Le procès en appel de Jean Mercier s’est ouvert ce jeudi 8 septembre à Lyon. Une « peine de principe » d’un an de prison avec sursis a été requise à l’encontre de cet homme de 88 ans, qui avait aidé sa femme à mettre fin à sa vie en 2011.
Le 27 octobre 2015, l’octogénaire avait été condamné pour non-assistance à personne en danger à un an de prison avec sursis. Malgré une peine bien en-deçà des trois ans avec sursis requis en première instance, il avait fait appel de sa condamnation, ainsi que le parquet, et était donc rejugé à Lyon.
L’avocate générale, Fabienne Goget, a rappelé que Josanne Mercier n’était pas en fin de vie, qu’elle n’était pas atteinte d’un mal incurable mais souffrait d’arthrose et d’anxiété et que la mort n’était pas la seule issue pour cette femme de 83 ans. La magistrate a souligné que « Jean Mercier a agi au nom de convictions philosophiques et qu’il revendique son geste », évoquant « l’adhésion du couple à l’Association pour le droit de mourir dans la dignité (ADMD) », omniprésente dans ce dossier. Des militants de l’ADMD, dont son président Jean-Luc Romero, étaient même venus apporter leur soutien visible au prévenu.

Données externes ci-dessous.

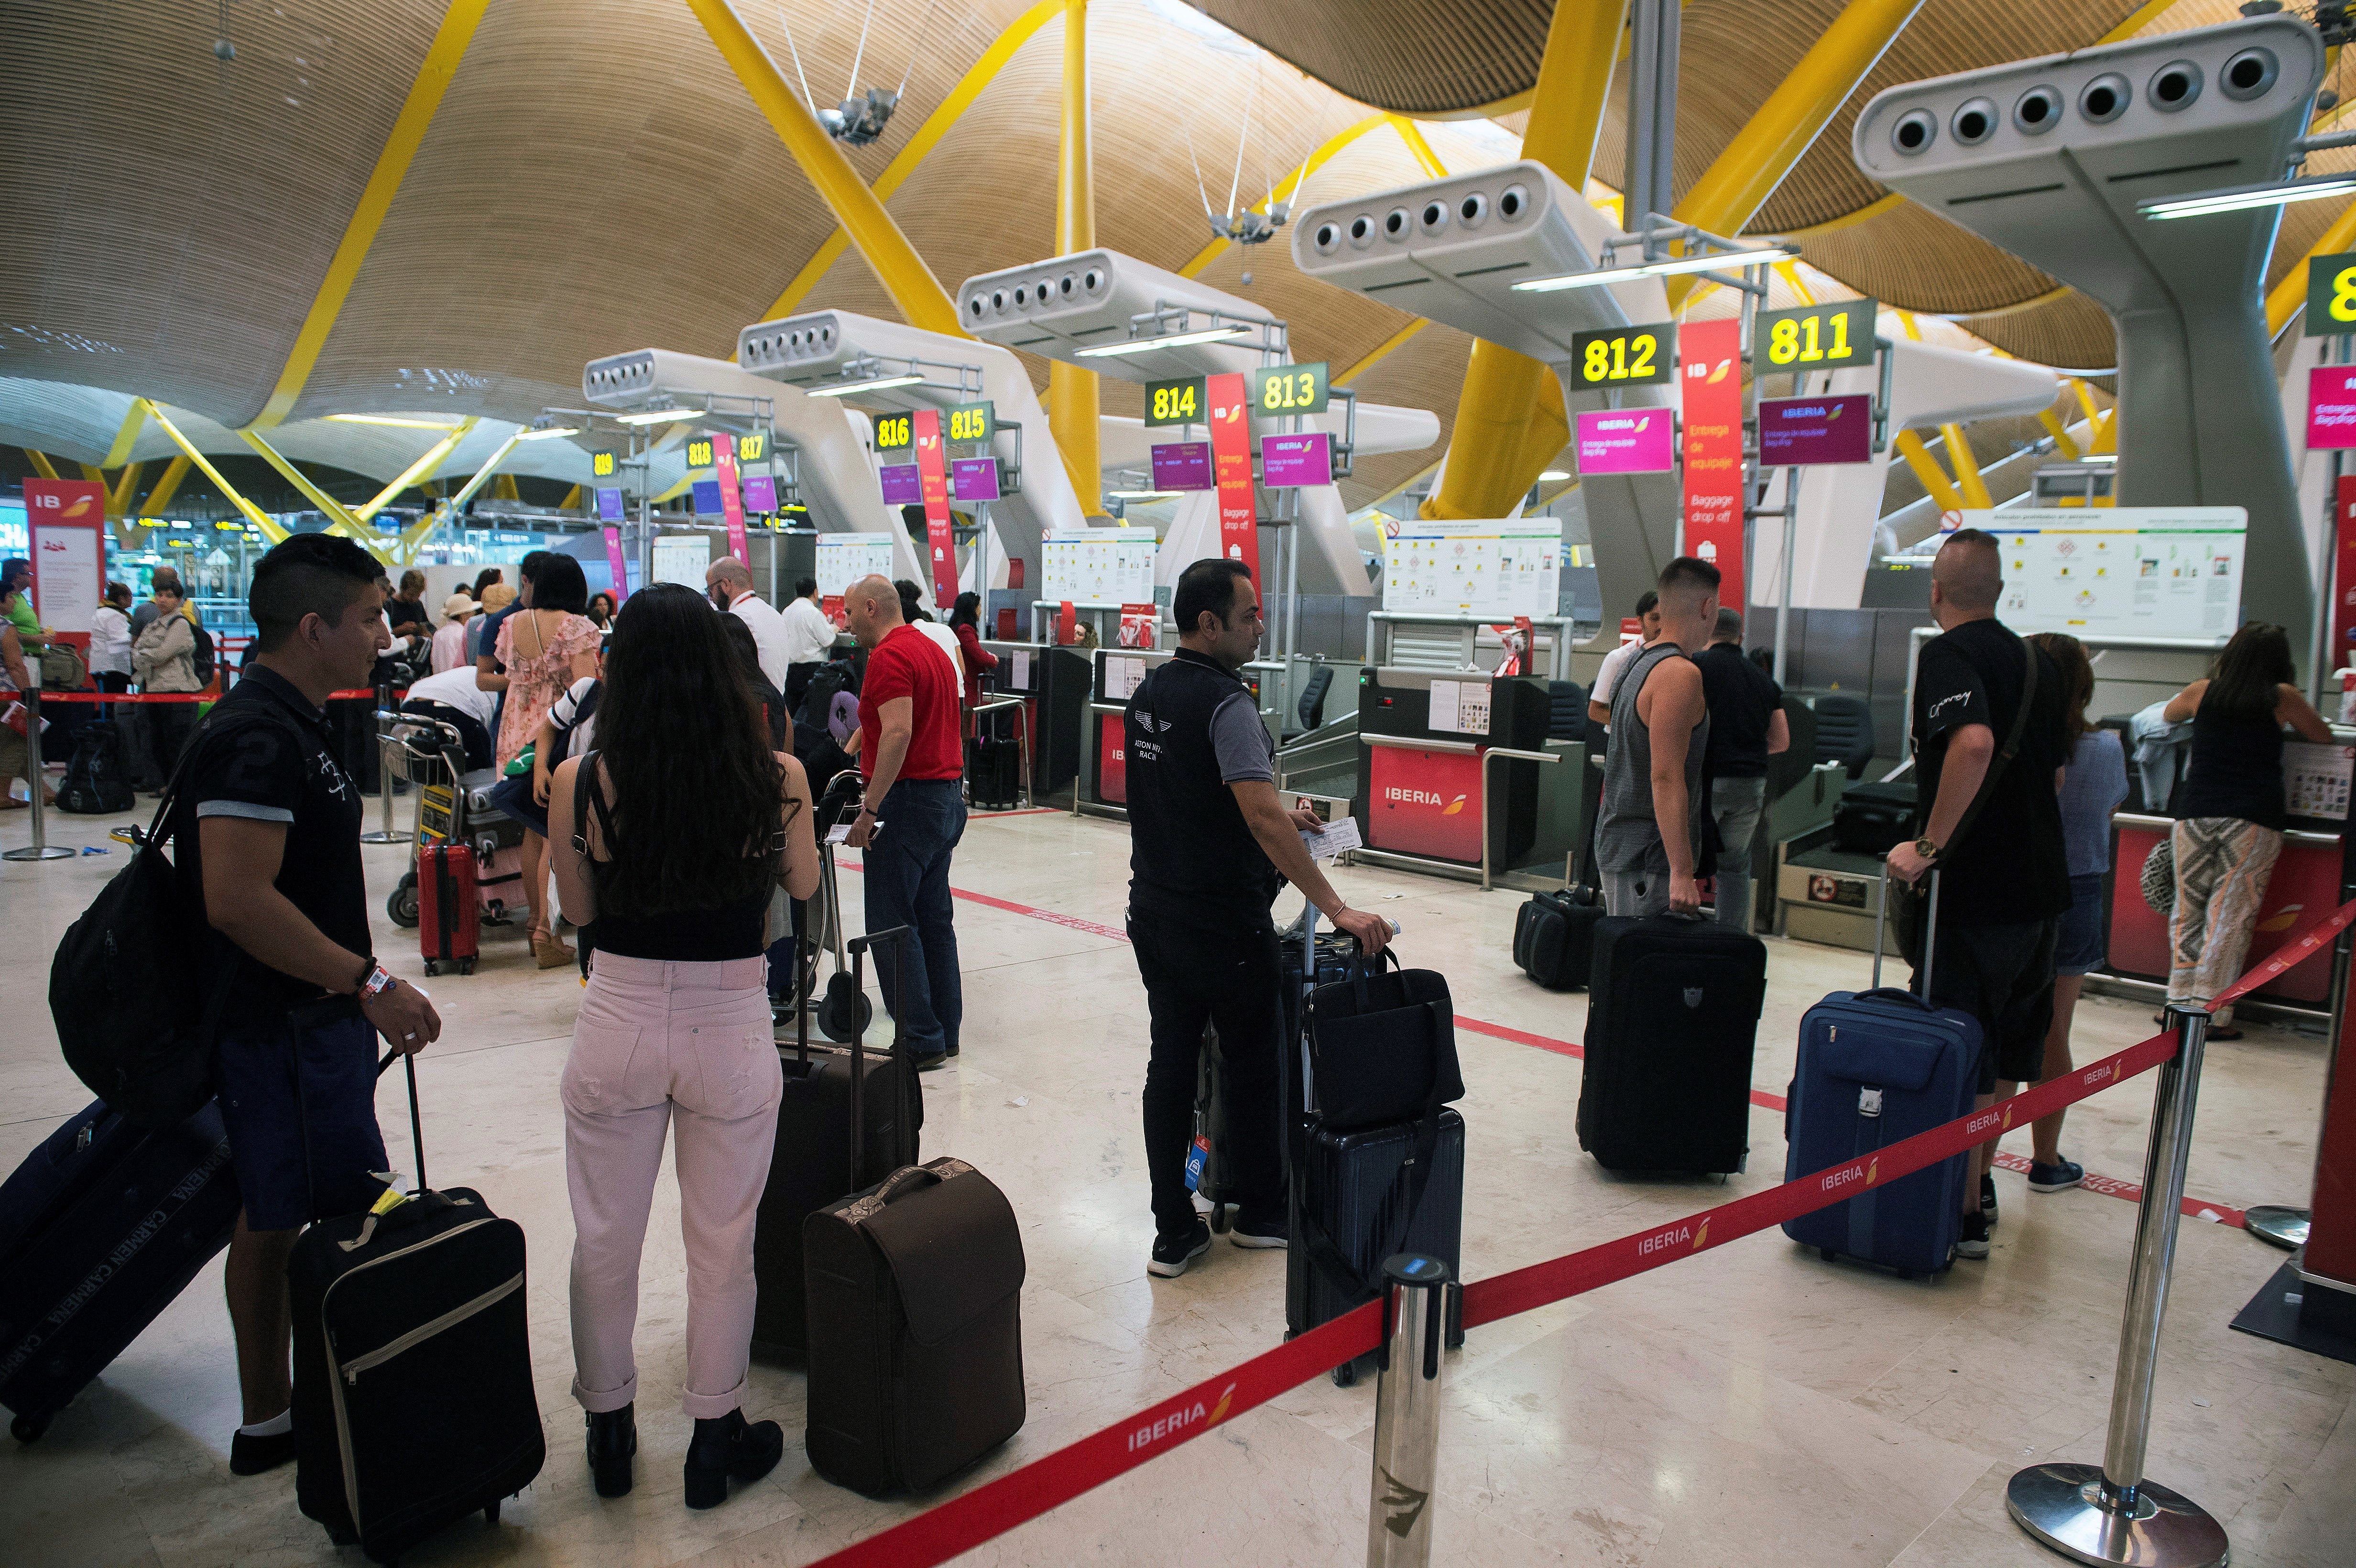 iajeros ante los mostradores de facturación de la terminal 4 del aeropuerto de Barajas al inicio de las vacaciones del mes de agosto.

L’avocate générale a précisé cependant que « ce dossier ne doit pas être utilisé pour faire avancer une cause et masquer la réalité des faits », et que ce qui compte, « c’est une peine de principe qu’il ne faut pas descendre en-deçà d’un seuil symbolique ». Elle a conclu en demandant à la Cour de confirmer le jugement du tribunal correctionnel de Saint-Étienne.
Jean Mercier a rappelé les faits de ce matin du 10 novembre 2011, lorsque sa femme, s’étant cassé le poignet, s’était réveillée en se plaignant. Elle lui avait demandé « d’apporter des médicaments » et de la morphine, et de l’aider à les décapsuler. Pour Jean Mercier, « c’était la première fois qu’elle m’implorait, on s’était promis (de s’aider à en finir, ndlr) et je ne pouvais pas faire autrement », a poursuivi l’octogénaire.
Évoquant la relation « dominant-dominé » dans ce couple marié depuis 55 ans, son avocat Maître Mickaël Boulay a fait valoir qu’il avait « tenu sa promesse à son épouse » et plaidé la relaxe.
En marge de l’audience, Jean Mercier a déclaré : « La peine infligée je m’en moque, je préférerais l’acquittement mais ce qui compte, c’est le combat que je mène pour faire avancer les choses ».
« Une chose est de comprendre la situation douloureuse de cette femme, avec sa grande dépendance et sa détresse, et de ne pas rajouter à la peine de son mari, qui est, depuis ce drame, naturellement enfermé dans l’auto-justification. Une autre est de relever comment ce drame du « suicide assisté » est aujourd’hui sciemment instrumentalisé au profit de la revendication euthanasique. Monsieur Mercier ne s’en cache plus. Comme dans les autres affaires que nous avons analysées (La bataille de l’euthanasie, enquête sur les 7 affaires qui ont bouleversé la France*) les promoteurs de l’euthanasie s’appuient sur une énergie victimaire en occultant toute alternative au suicide ou à l’euthanasie.
D’un côté nous sommes tentés de nous taire devant l’intimité des faits, mais de l’autre nous devons redire à quel point, dans ce cas particulier comme dans les autres, le suicide n’est jamais la bonne solution, alors que c’est l’accompagnement ajusté des personnes fragiles qui est la solution humaine à leur souffrance. »
La Cour rendra son arrêt le 10 novembre.